Optimizing CT brain perfusion protocols is a challenge because of the complex interaction between image acquisition, calculation of perfusion data, and patient hemodynamics. Several digital phantoms have been developed to avoid unnecessary patient exposure or suboptimum choice of parameters. The authors expand this idea by using realistic noise patterns and measured tissue attenuation curves representing patient-specific hemodynamics. The purpose of this work is to validate that this approach can realistically simulate mean perfusion values and noise on perfusion data for individual patients.Methods:
The proposed 4D digital phantom consists of three major components: (1) a definition of the spatial structure of various brain tissues within the phantom, (2) measured tissue attenuation curves, and (3) measured noise patterns. Tissue attenuation curves were measured in patient data using regions of interest in gray matter and white matter. By assigning the tissue attenuation curves to the corresponding tissue curves within the phantom, patient-specific CTP acquisitions were retrospectively simulated. Noise patterns were acquired by repeatedly scanning an anthropomorphic skull phantom at various exposure settings. The authors selected 20 consecutive patients that were scanned for suspected ischemic stroke and constructed patient-specific 4D digital phantoms using the individual patients' hemodynamics. The perfusion maps of the patient data were compared with the digital phantom data.

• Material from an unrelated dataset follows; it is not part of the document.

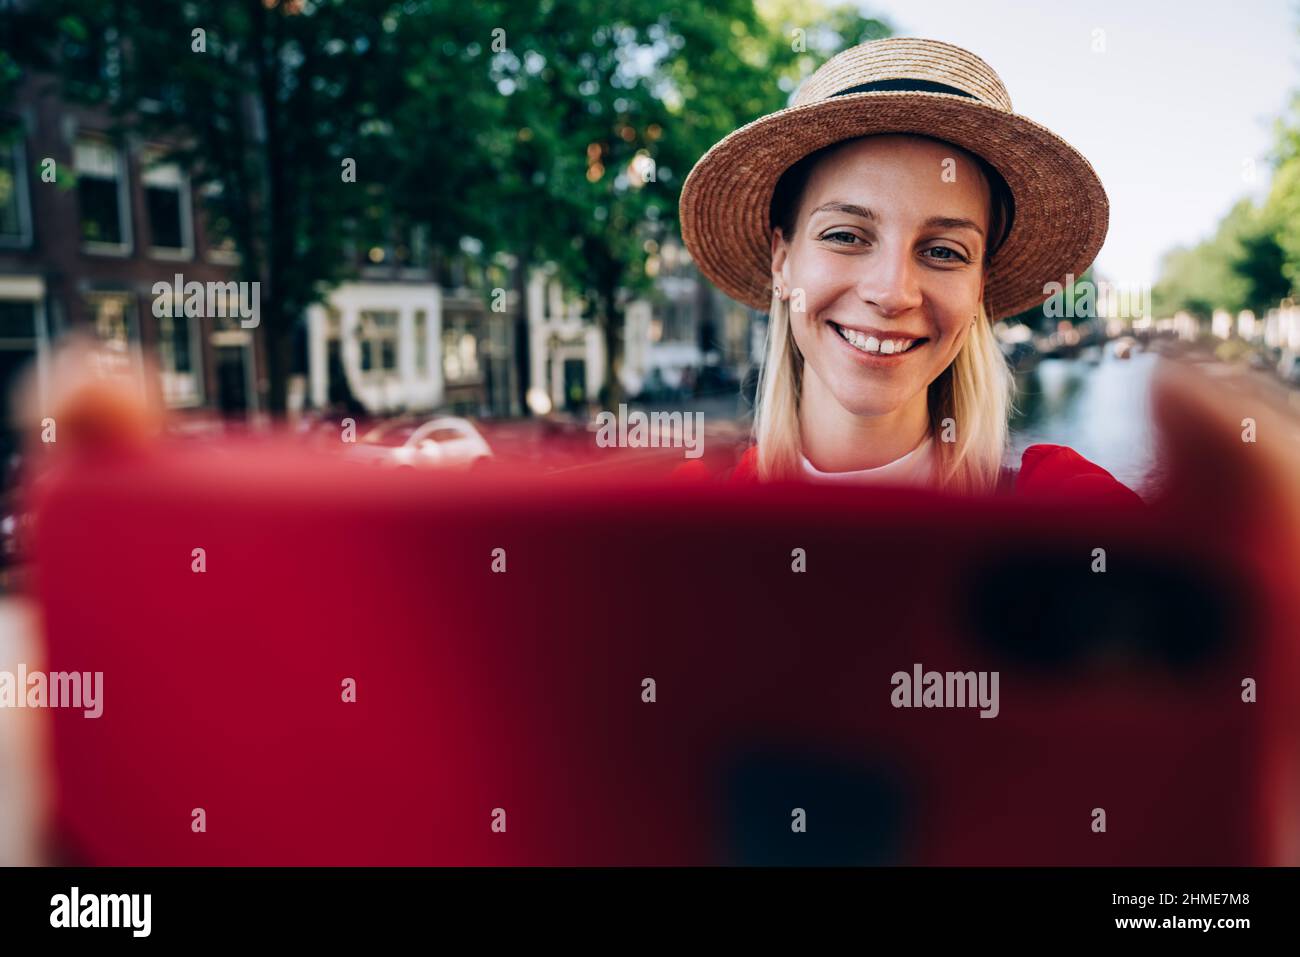 Excited woman in hat taking selfie in city Stock Photo

Agreement between phantom- and patient-derived data was determined for mean perfusion values and for standard deviation in de perfusion data using intraclass correlation coefficients (ICCs) and a linear fit.Results:
ICCs ranged between 0.92 and 0.99 for mean perfusion values. ICCs for the standard deviation in perfusion maps were between 0.86 and 0.93. Linear fitting yielded slope values between 0.90 and 1.06.Conclusions:
A patient-specific 4D digital phantom allows for realistic simulation of mean values and standard deviation in perfusion data and makes it possible to retrospectively study how the interaction of patient hemodynamics and scan parameters affects CT perfusion values.